Child Poverty Increases by 5.6% in Arkansas

Public Policies and Programs Proven to Reduce the Rate

The rate of children living in poverty in Arkansas has surged from 8.9% in 2019-21 to 14.5% in 2022-24. This dramatic increase follows the expiration of pandemic-era economic policies and rising prices that have strained family budgets and is above the national average of 13%. However, a new report from the Annie E. Casey Foundation, Measuring Access to Opportunity in the United States: A 10-Year Updateunderscores the profound impact of public policies and programs on reducing child poverty. 

This report, which analyzes U.S. Census Bureau figures from the annual Supplemental Poverty Measure, reveals that more than one in eight children in this country now live in poverty, with one in every seven children in Arkansas going without essential needs met. Without government intervention, this rate would be more than double (29.5%) statewide, highlighting the crucial role of public support in alleviating financial hardship for struggling families. Among children living in poverty nationwide, 61%, or 5.9 million, lived with at least one employed parent in 2024. 
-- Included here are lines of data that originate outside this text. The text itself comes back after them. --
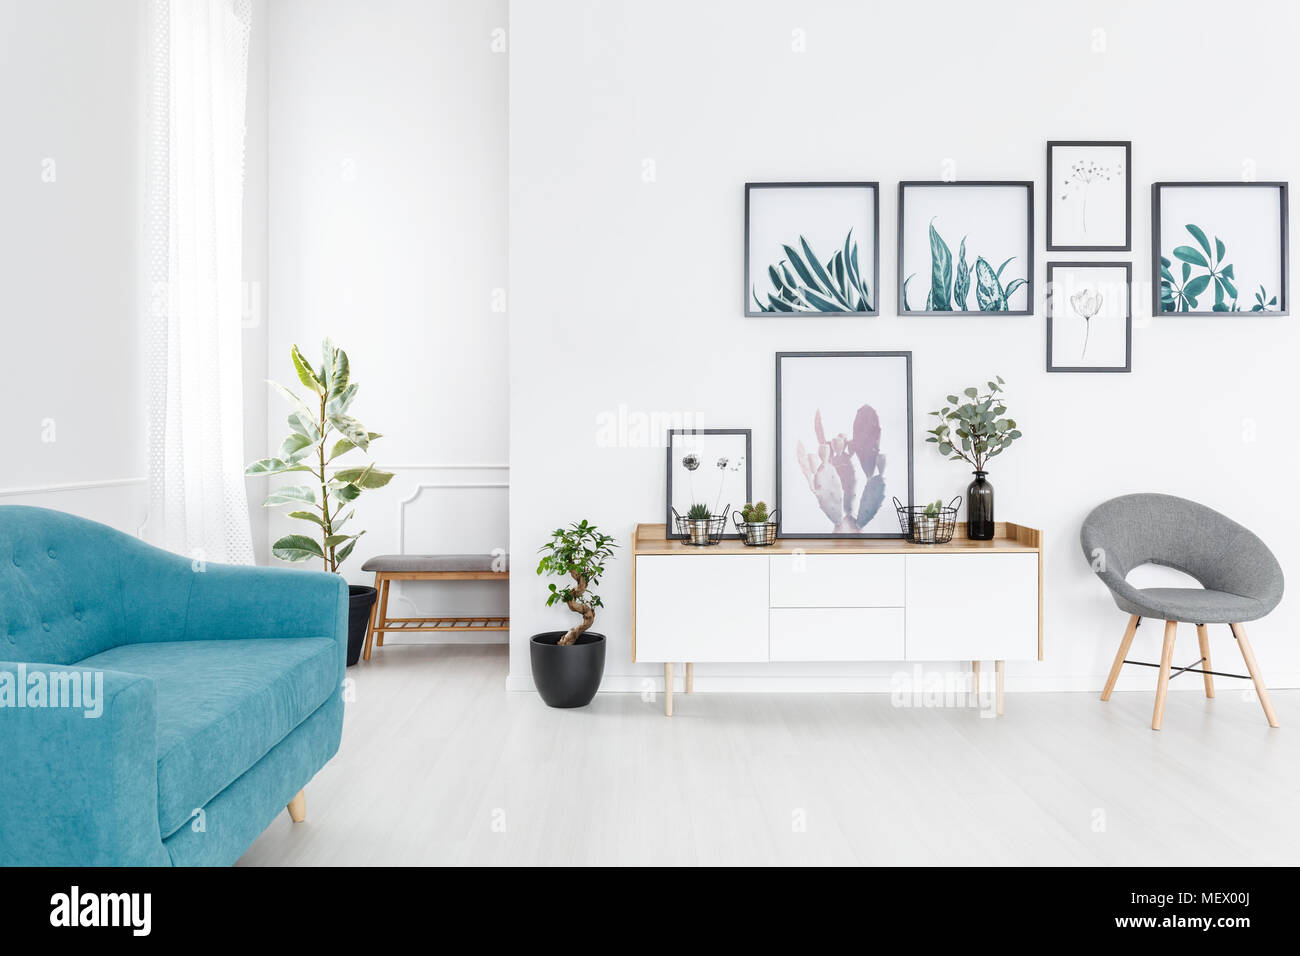 Einfache Poster Galerie hängen weiße Wand im eleganten Wohnzimmer Innenraum mit blauen Sofa Stockfoto
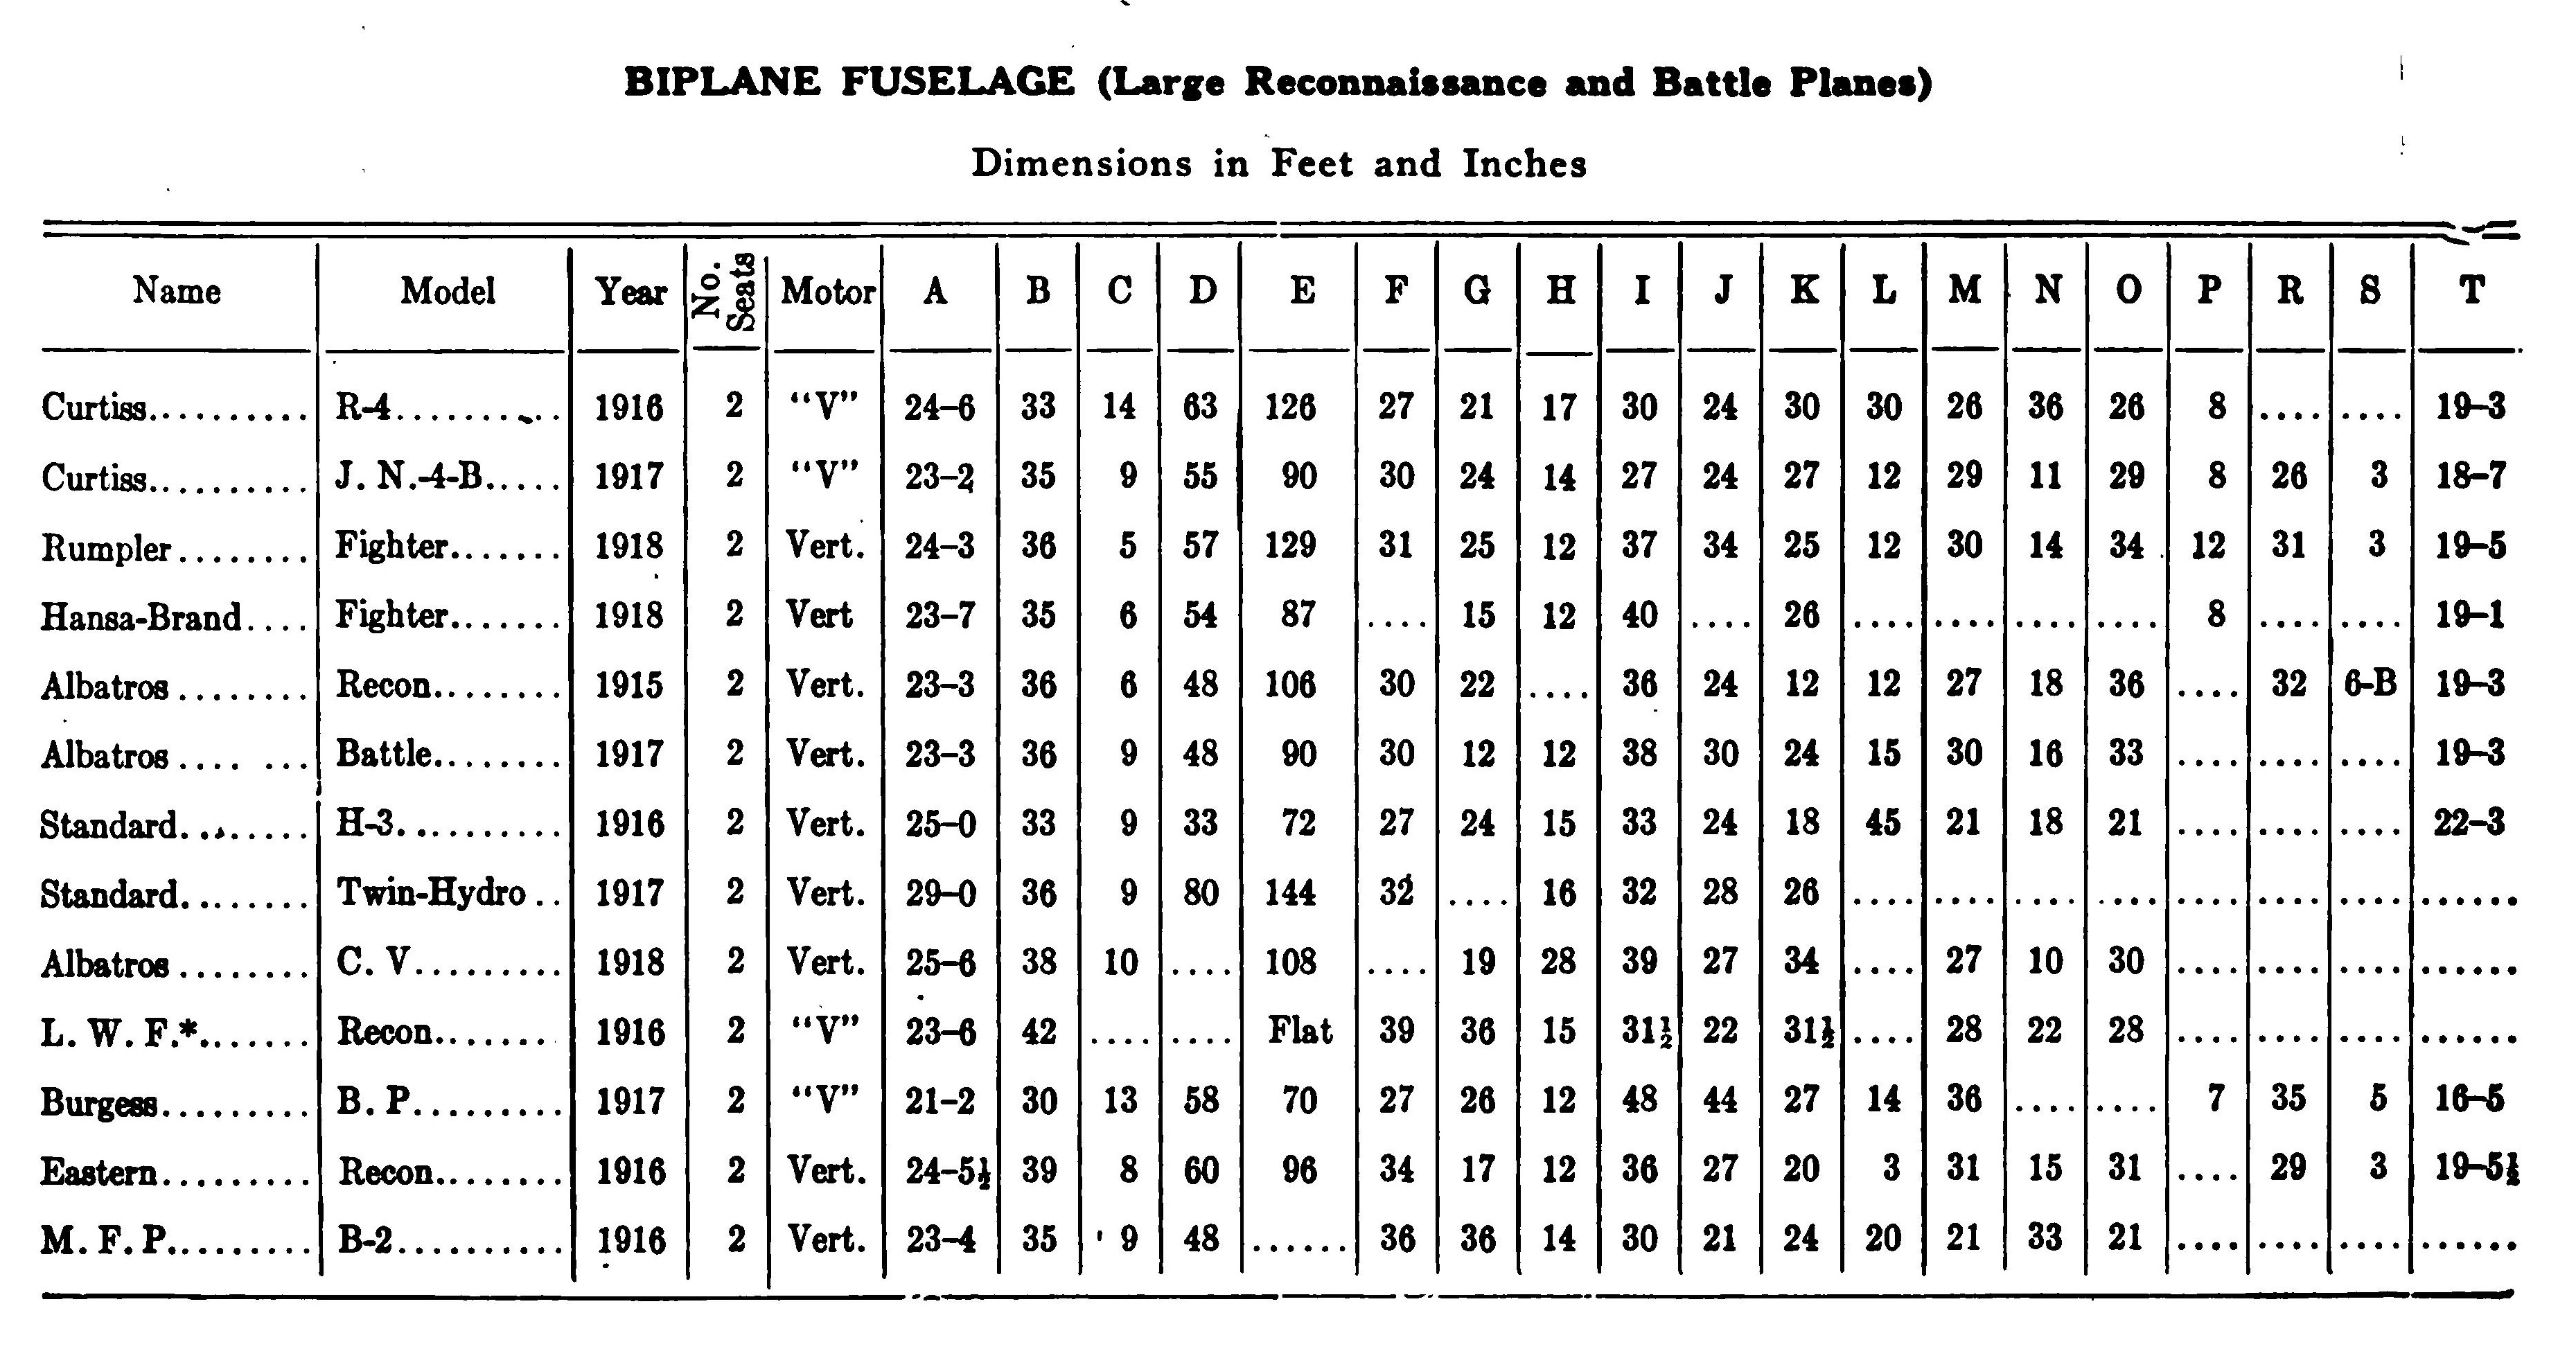 Fig. 20. Fuselage Dimension Diagrams
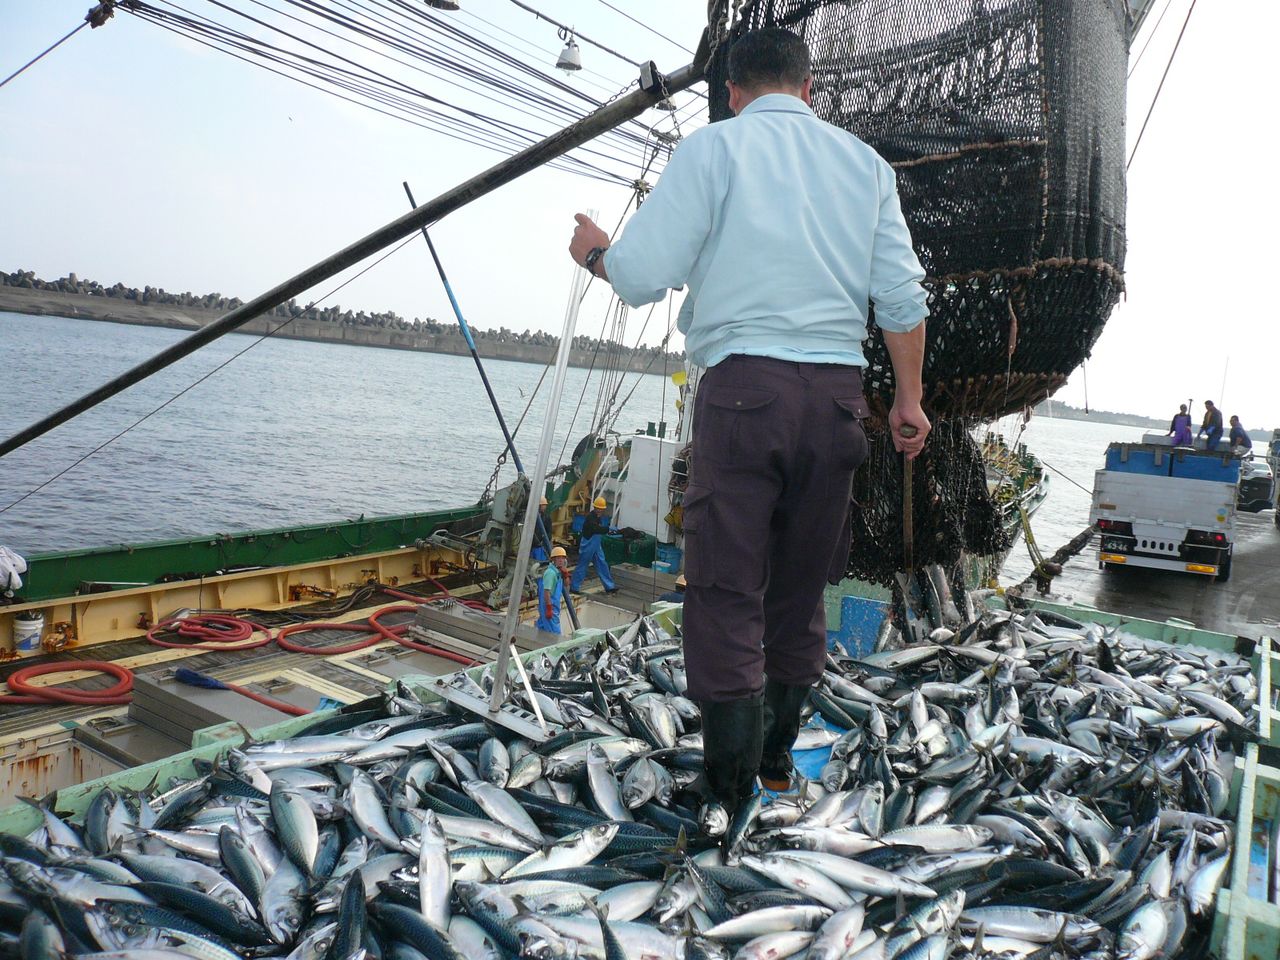  大量青魚（沙丁魚、鯖魚等背部呈青色的海魚——譯註）從圍網漁船卸到貨車的裝貨台中（筆者攝影）

The Supplemental Poverty Measure is a more accurate gauge of families’ economic situations than the official poverty measure’s income threshold of $31,812 for a family of four in 2024. It accounts for essential expenses such as housing, medical and child care; adjusts for rising costs and geographic differences in the cost of living; and measures the effectiveness of vital resources like tax credits, Social Security, Supplemental Security Income, food assistance and housing subsidies.

Arkansas does not have a state-level earned income tax credit or child tax credit. Both of these tax credits have been shown to lift children out of poverty in other states and would do the same here.

“Poverty poses a serious threat to children’s development and long-term well-being, with far-reaching consequences for our economy,” said Leslie Boissiere, vice president of external affairs at the Annie E. Casey Foundation. “The data unequivocally show that public programs directly help our nation’s children. By investing in children’s well-being — through both public policy and employment practices that provide family-sustaining wages — we can enable more children to thrive and contribute as they become adults.

In 2021, 5% of children in the U.S. lived in poverty, an historic low created by enhanced social supports and the one-time expanded Child Tax Credit to support families during the pandemic. These combined government policies and programs lifted more than 15 million children out of poverty in 2021. Between 2021 and 2024, after those enhanced resources expired, the rate of children in poverty rose to pre-pandemic levels of 13% under the Supplemental Poverty Measure. That percentage would be 25% without government interventions to alleviate financial hardship, demonstrating the crucial role of public programs and tax policies in the well-being of children in this country.

Policies and programs to stave off poverty are becoming more of a lifeline for families in the face of rising costs in recent years. As housing, food, child care, and health care costs continue to rise, families find it increasingly difficult to make ends meet despite receiving assistance.

While poverty rose among all children from 2021 to 2024, children of color experienced the steepest increases. Poverty among Black children rose from 8% to 23%, and among Latino children from 8% to 21%. Geographically, the South has the highest child poverty rates and saw the greatest increase, up 5% between 2019–21 and 2022–24.

Researchers estimate child poverty costs the United States up to $1 trillion annually in lost productivity, lower lifetime earnings and higher spending on health care, crime and public programs. Communities with high poverty rates bear the costs of higher spending on health care, and increased crime, while schools have fewer resources and worse outcomes than wealthier districts.

The data from Measuring Access to Opportunity demonstrate that:

  • Millions of children are kept out of poverty by supportive public policies; without them, child poverty would nearly double. Policymakers must prioritize policies and investments that empower all families to lead healthy, fulfilling lives.
  • Government data must remain available to accurately measure the effects of public programs on reducing poverty.
  • Policymakers should ensure the continued availability of high-quality data from the U.S. Census Bureau’s Current Population Survey and other surveys.